I just had to post this email...
From: "Edd Kellino" <
[email protected]>
Subject: You are one in a million.....
Dearest xxxXX....
My baby, my love...
I know i have not had the time to write you for so long so I had to take this opportunity to make sure I stay up late and finish up writing you this very detailed email so that you can read it before you end your day and make sure you get the very big hug and sweet kisses that I am sending this email along with:)Thanks for all the emails and txt messages, you make me feel so close to you and you have made me feel so loved. I know the distance between us is huge but of course it wont matter becuase nothing, not even a million miles can segregate two hearts locked together as one! but i want you to take care of yourself and let my loving thoughts from across the oceans keep you very warm my angel.. They say good things comes to those that wait.... I know it deep down that you are worth all the wait!

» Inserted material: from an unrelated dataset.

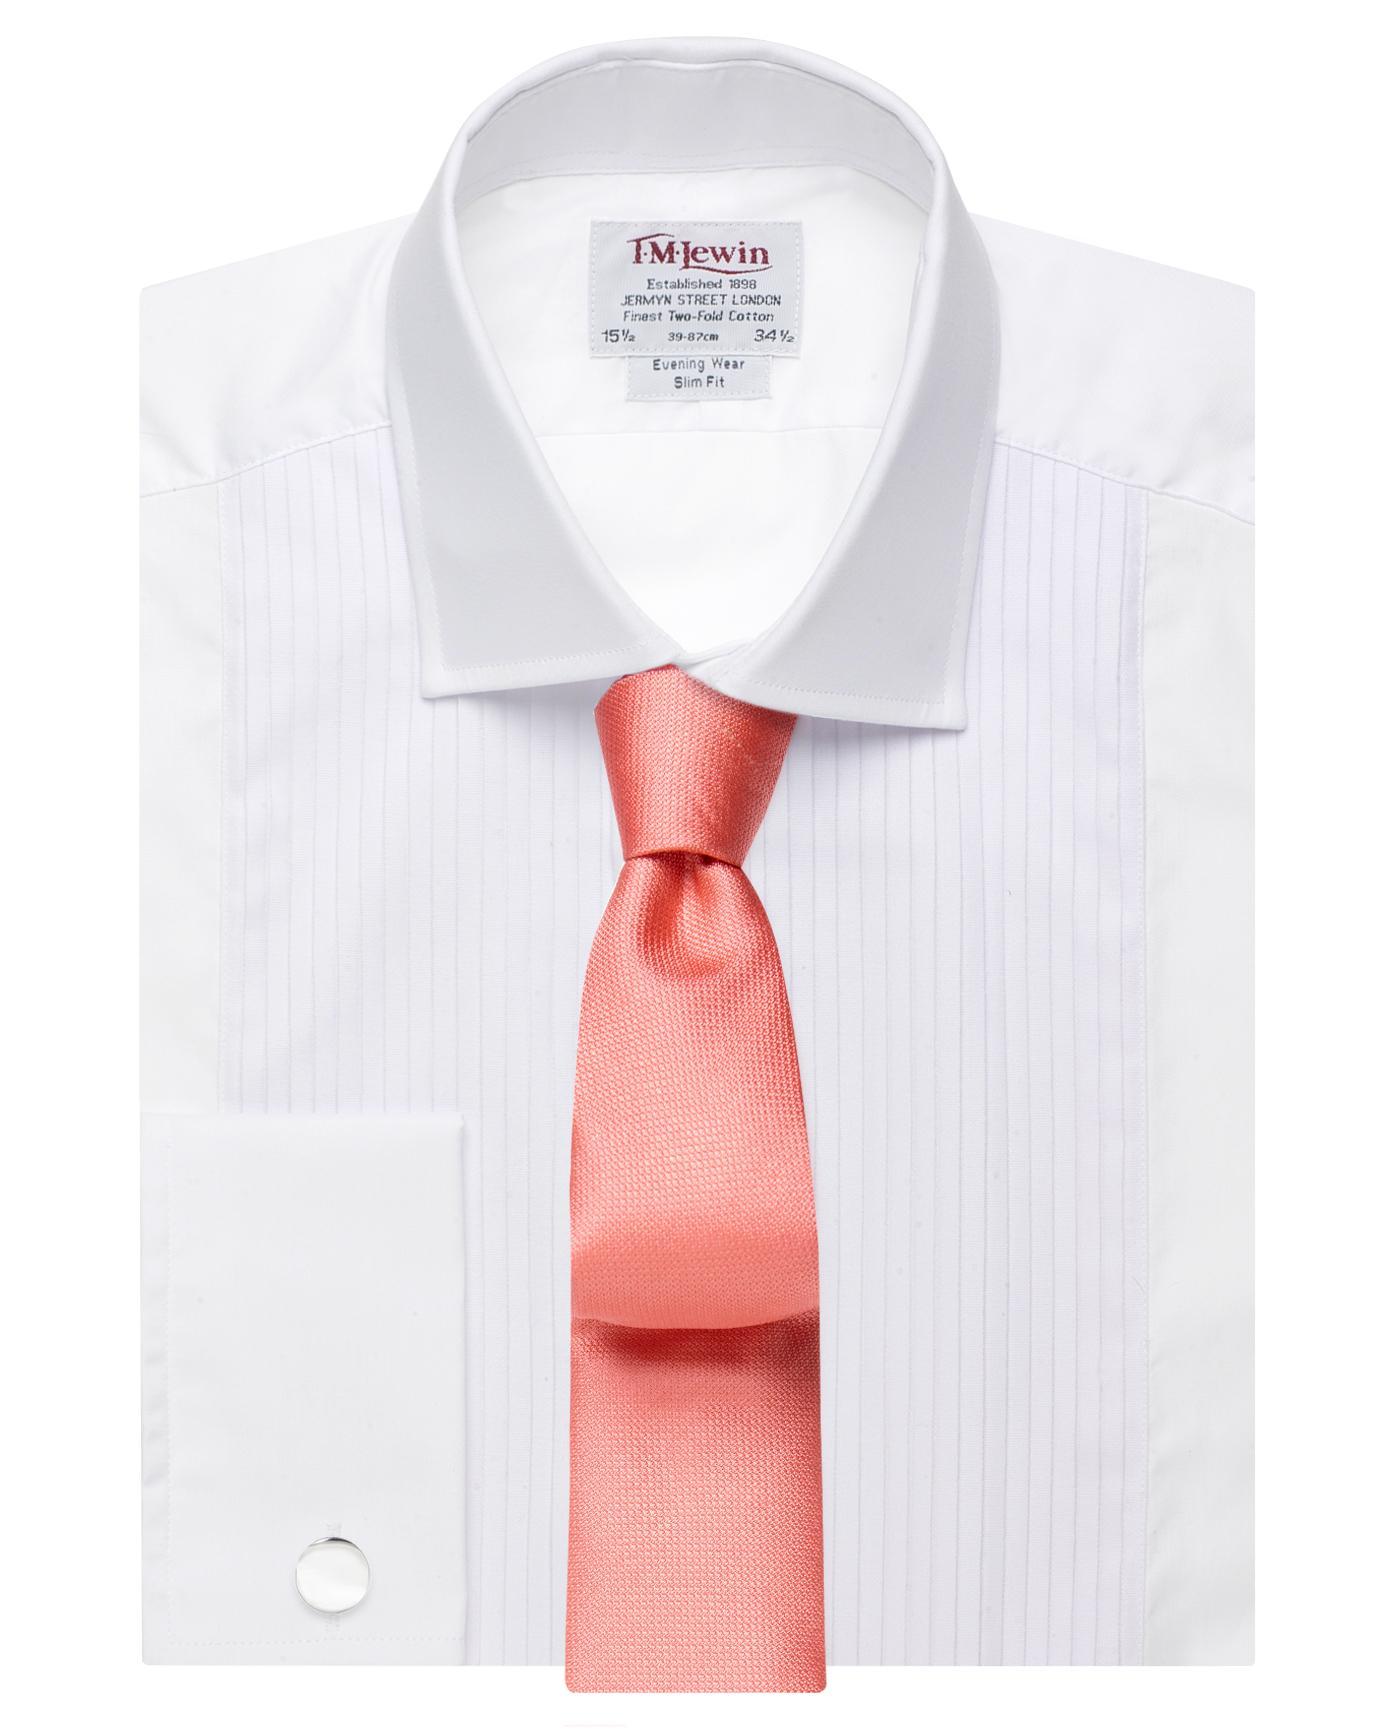 Pleated Slim Fit Evening Dress Shirt Reviews Tm Lewin Reviews Feefo

It was beautiful hearing your se xy voice over the phone!..Seriously my love, I just want you to know that i just miss you so much!...I know we text and speak over the phone, but there is something special when we write emails. We get to share our innermost feelings and we seem to be freely expressive when we pour out our hearts too. That must be why we have both grown so very well accustomed to each other. I even think we may not have really got to know so much yet about each other if we had met first in person because there would be lots of distractions. Now babe, I know you want so much for us to meet and finally get to feel this wonderful feeling we both share in person, believe me, i have seriously thought about abandoning all i am doing here right now just to start heading back to the states, but I know its not the right thing to do and I am sure you would not like it so much if i gave away the obvious opportunity that has come up for me now, but be rest assured, we share that same hunger to be together. I console myself with the fact that our meeting isn't just random but very much divine and so, patience is the right word.... I love you.

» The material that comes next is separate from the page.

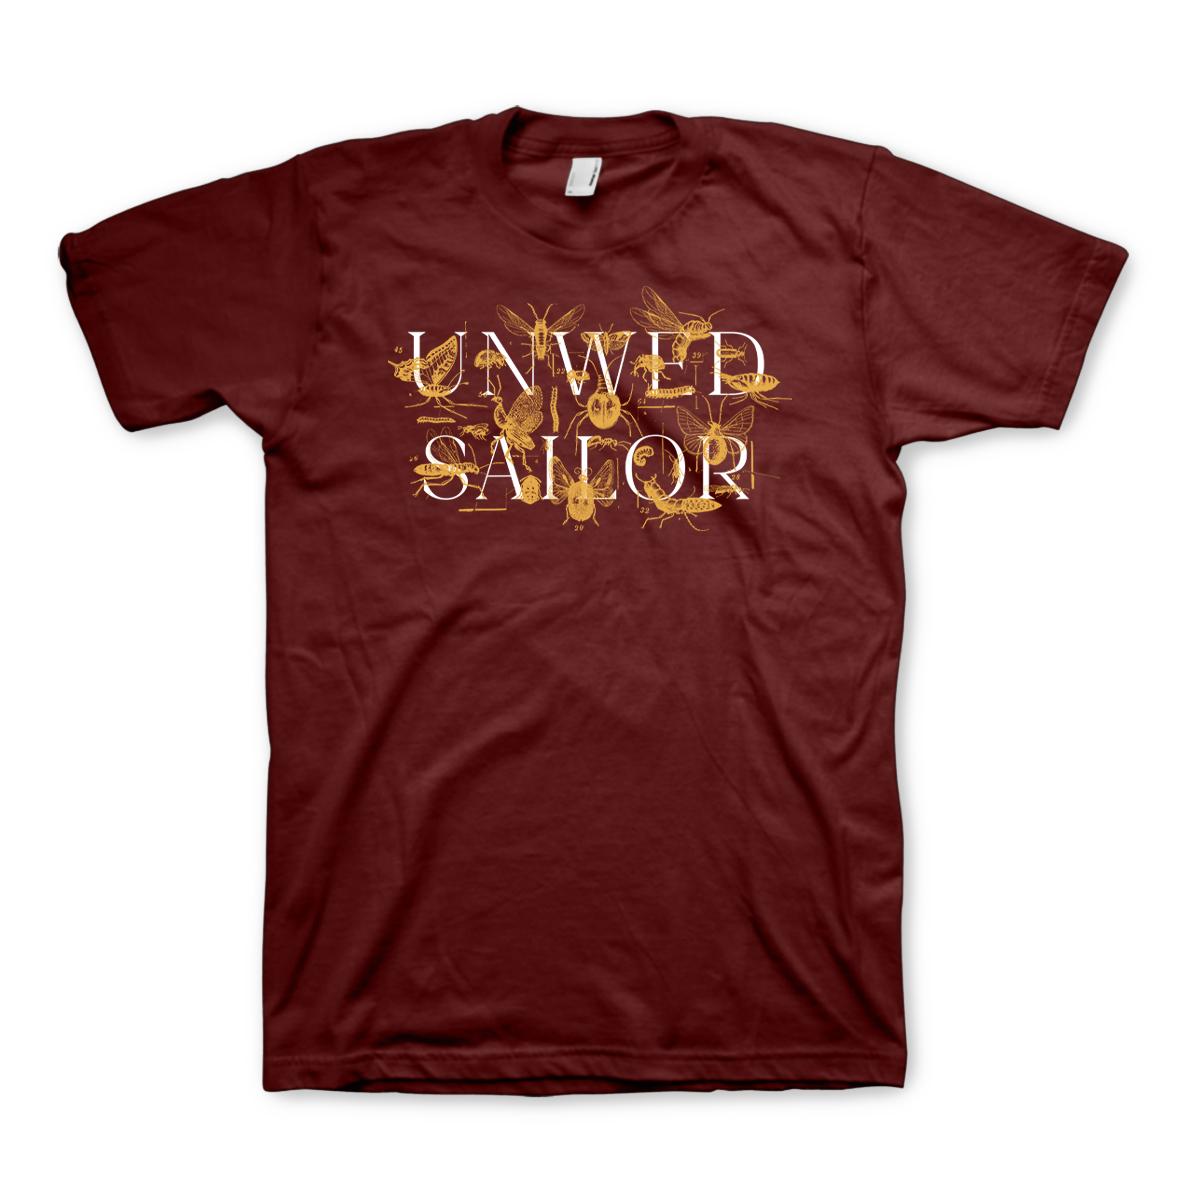 Unwed Sailor - Bugs T-Shirt

If I say I have been choked with work/activity, it will be an understatement lol!, but the important part that i want you to know is that just thinking about you and stealing that momentary glance at your picture on my phone, (Yes, I have it as my wallpaper!) I feel renewed with energy and my, you make me feel good
So My days has been so busy with meetings and all but then its all amounted to positives and I am so glad about it all. Events are really looking up here after my presentations which was very good judging from the extent of commendations, calls and private indulgences I have been receiving since last week, like I mentioned over the phone to you earlier (although briefly), I have been having a series of meetings with a couple of private investors who want to engage my services one way or the other, I know this is all good and I am happy to get a good contract out of it. I am quite excited and anxious
just keep your fingers crossed for me sweetie and thank you so much for believing in me and honestly encouraging me with you kind words!---You are truly special!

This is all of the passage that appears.